• Task details: Transcribe the whole listing without a single picture.

• Data extract:
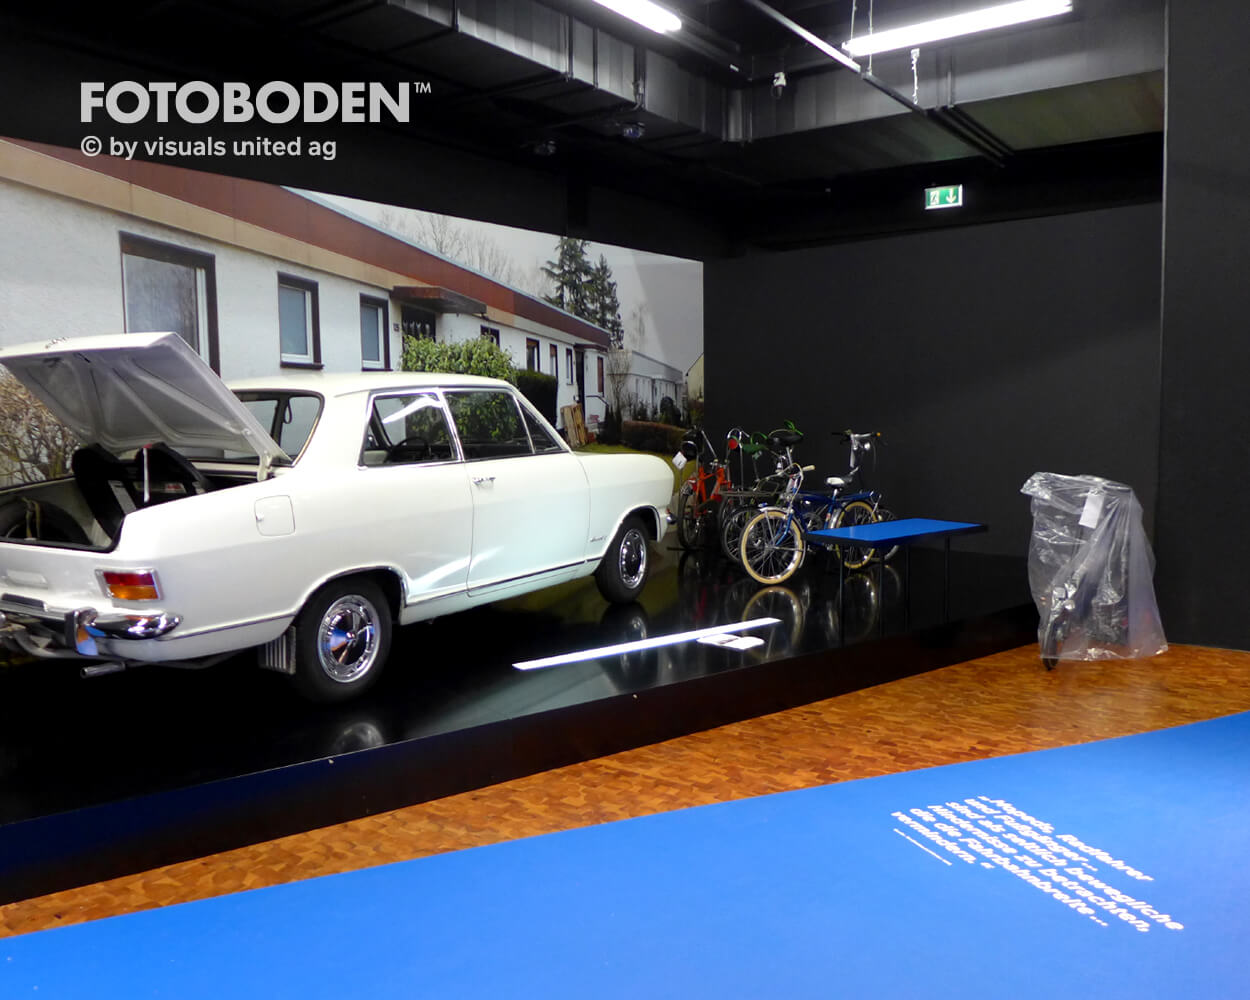 Fahrrad7 Ausstellung Museum  Raumkonzept Stimmung Museumsboden Ausstellungsboden Fotoboden Vinylboden Flooring Individuell Event
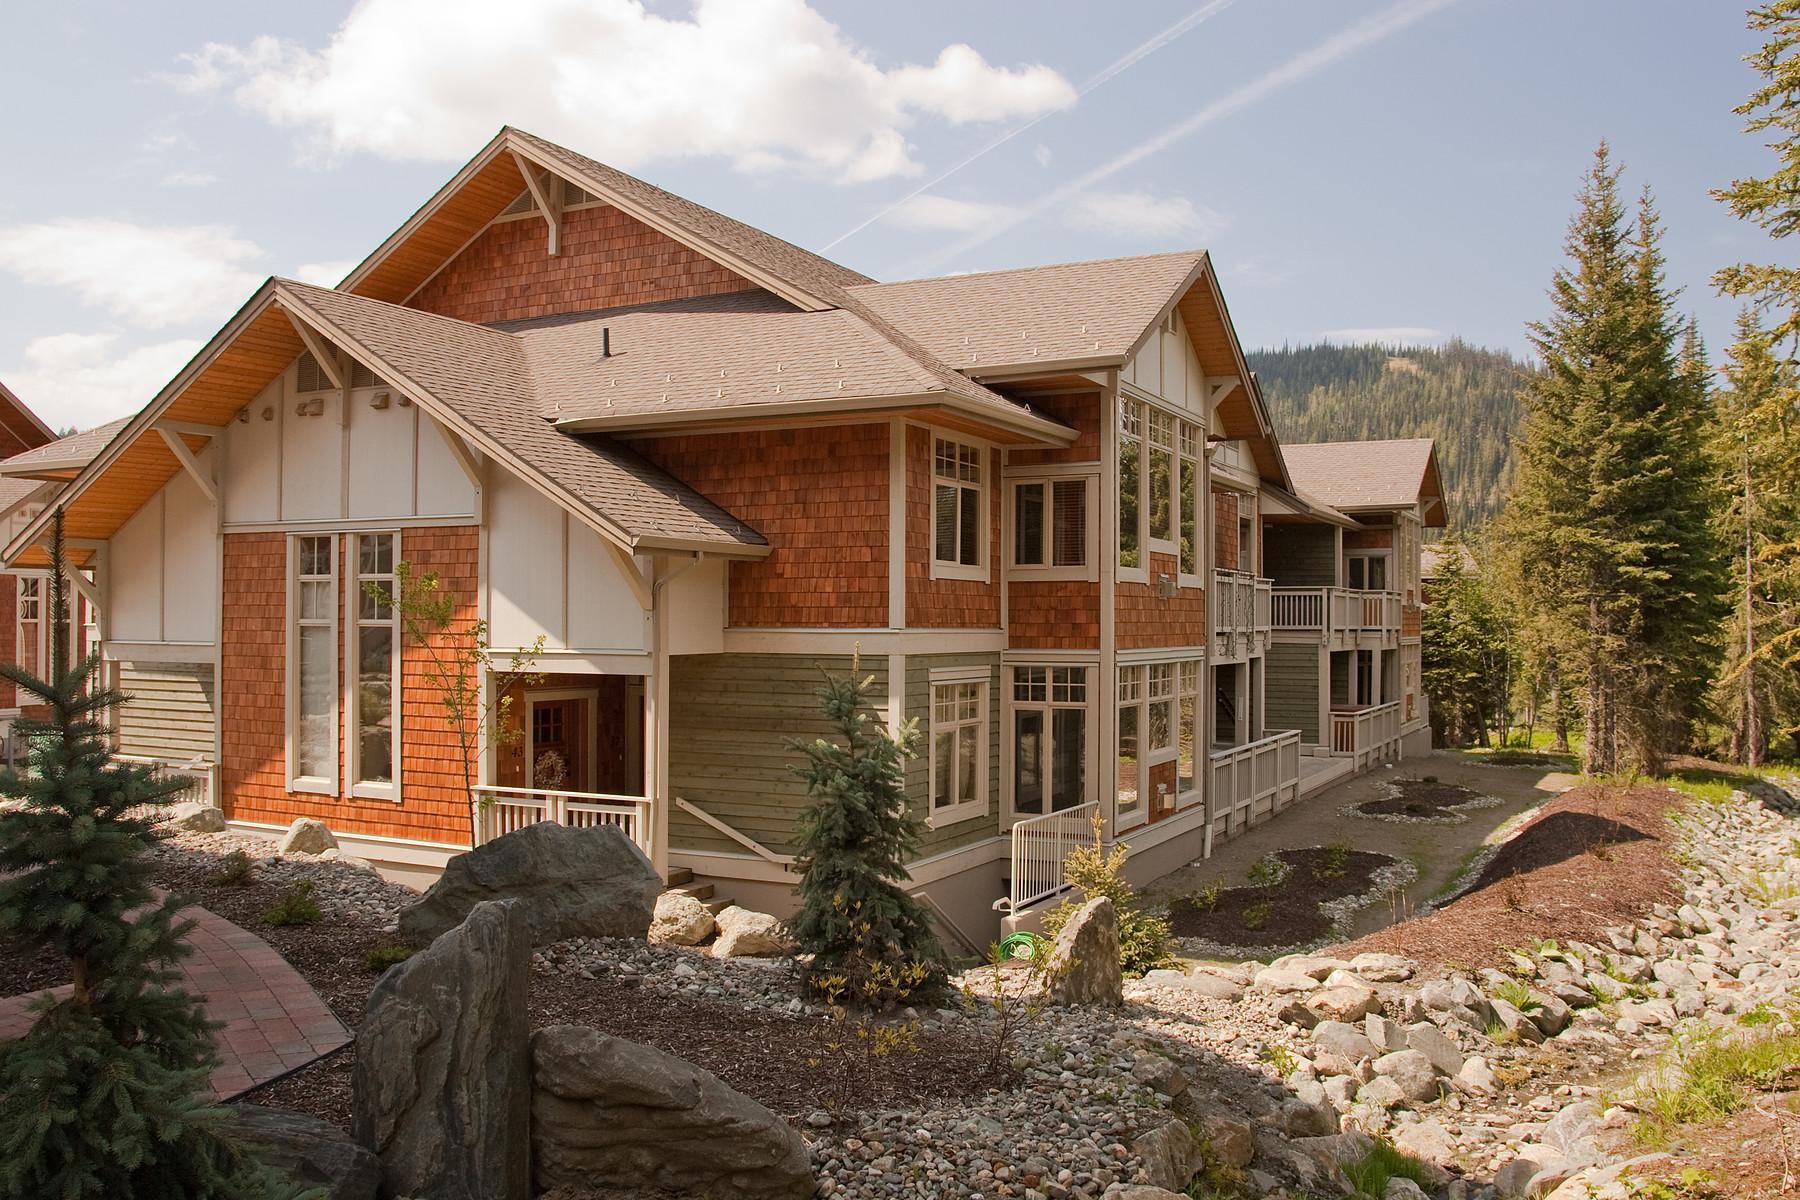 Condominium for Sale at Overlooking the 16th Fairway Sun Peaks, British Columbia V0E 5N0 Canada
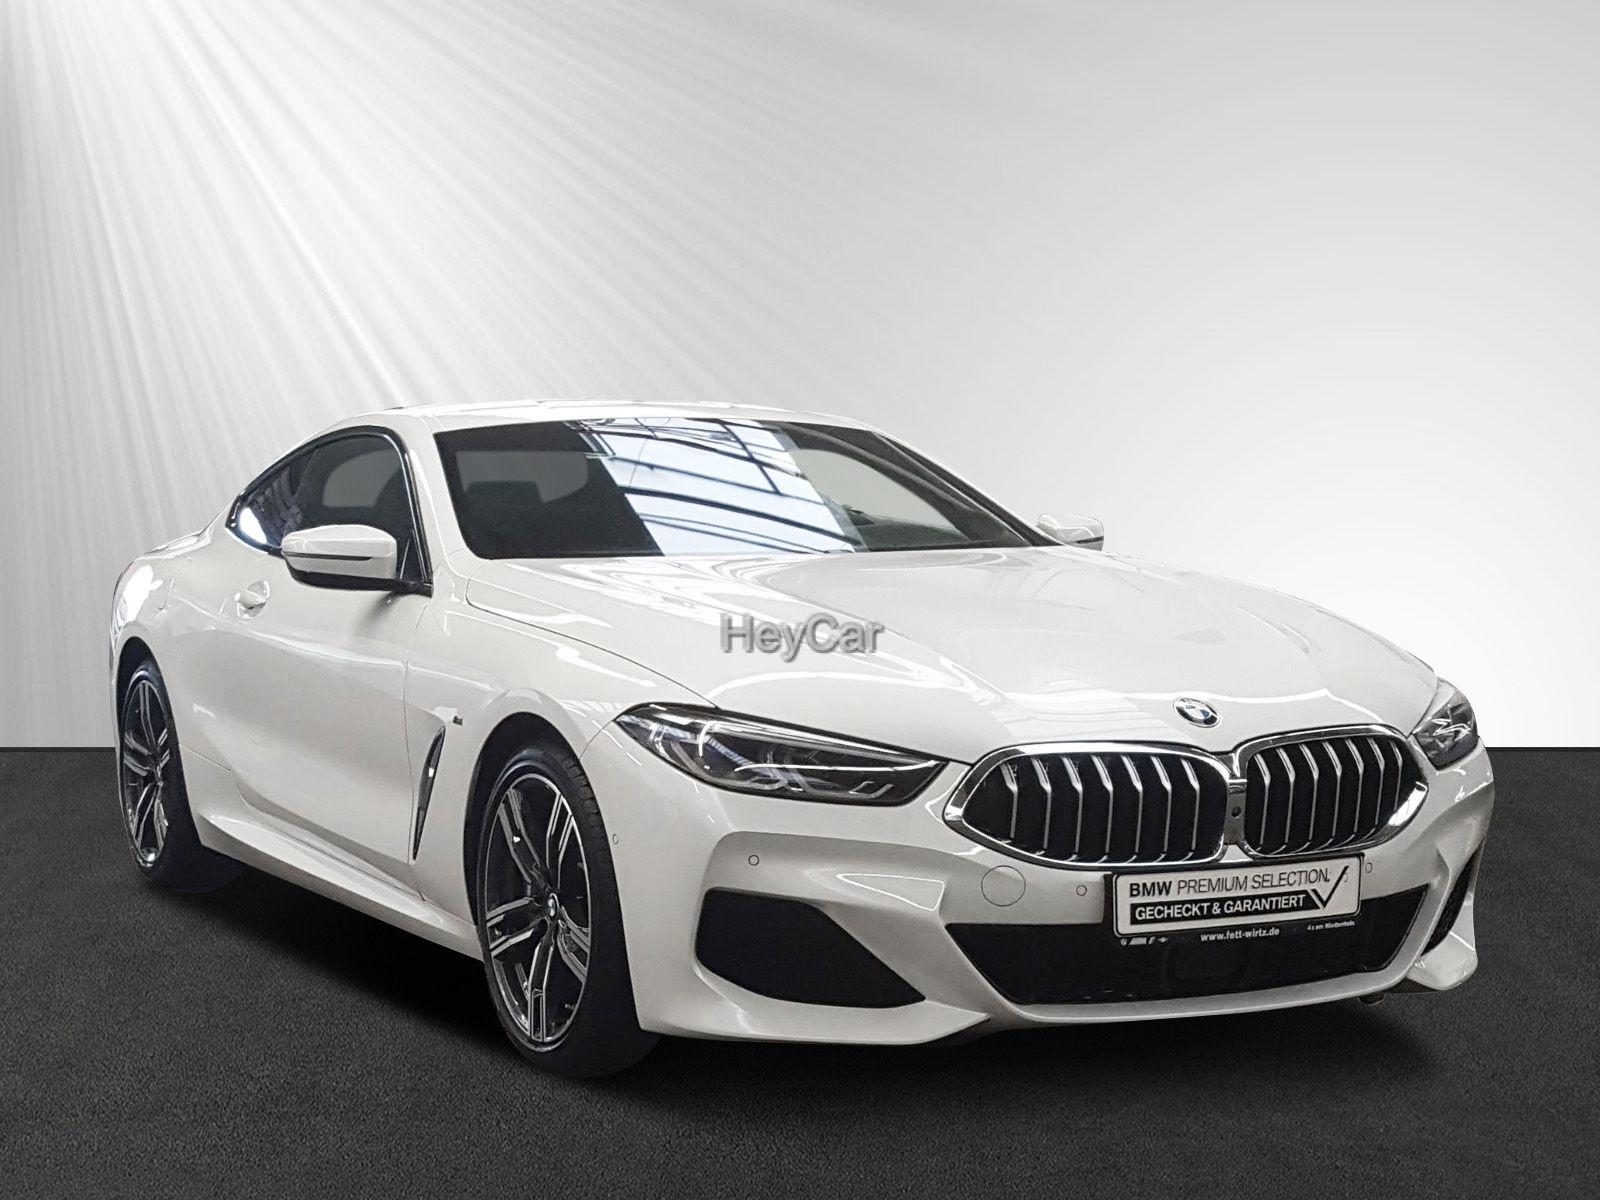 BMW 840d xDrive Coupe M-Sport Leas. ab 799,- br.o.Az, Jahr 2019, Diesel
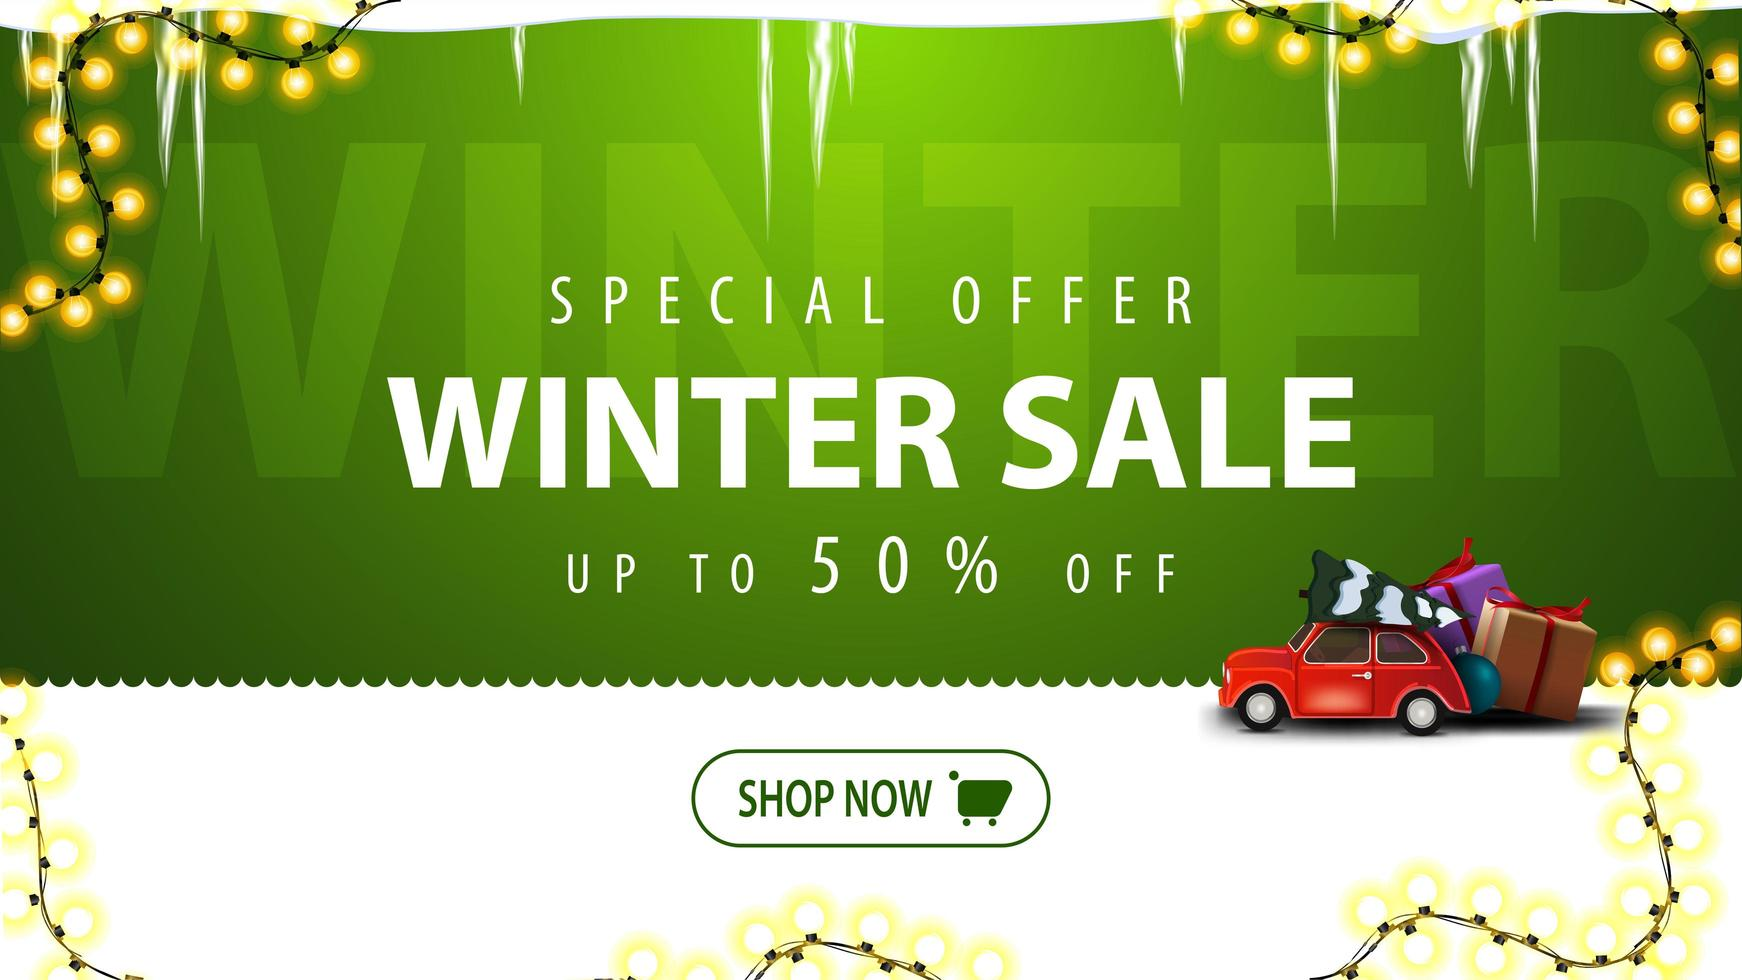 winteruitverkoop, groene kortingsbanner met knop vector

• Answer for the task:
 Fahrrad7 Ausstellung Museum  Raumkonzept Stimmung Museumsboden Ausstellungsboden Fotoboden Vinylboden Flooring Individuell Event
 Condominium for Sale at Overlooking the 16th Fairway Sun Peaks, British Columbia V0E 5N0 Canada
 BMW 840d xDrive Coupe M-Sport Leas. ab 799,- br.o.Az, Jahr 2019, Diesel
 winteruitverkoop, groene kortingsbanner met knop vector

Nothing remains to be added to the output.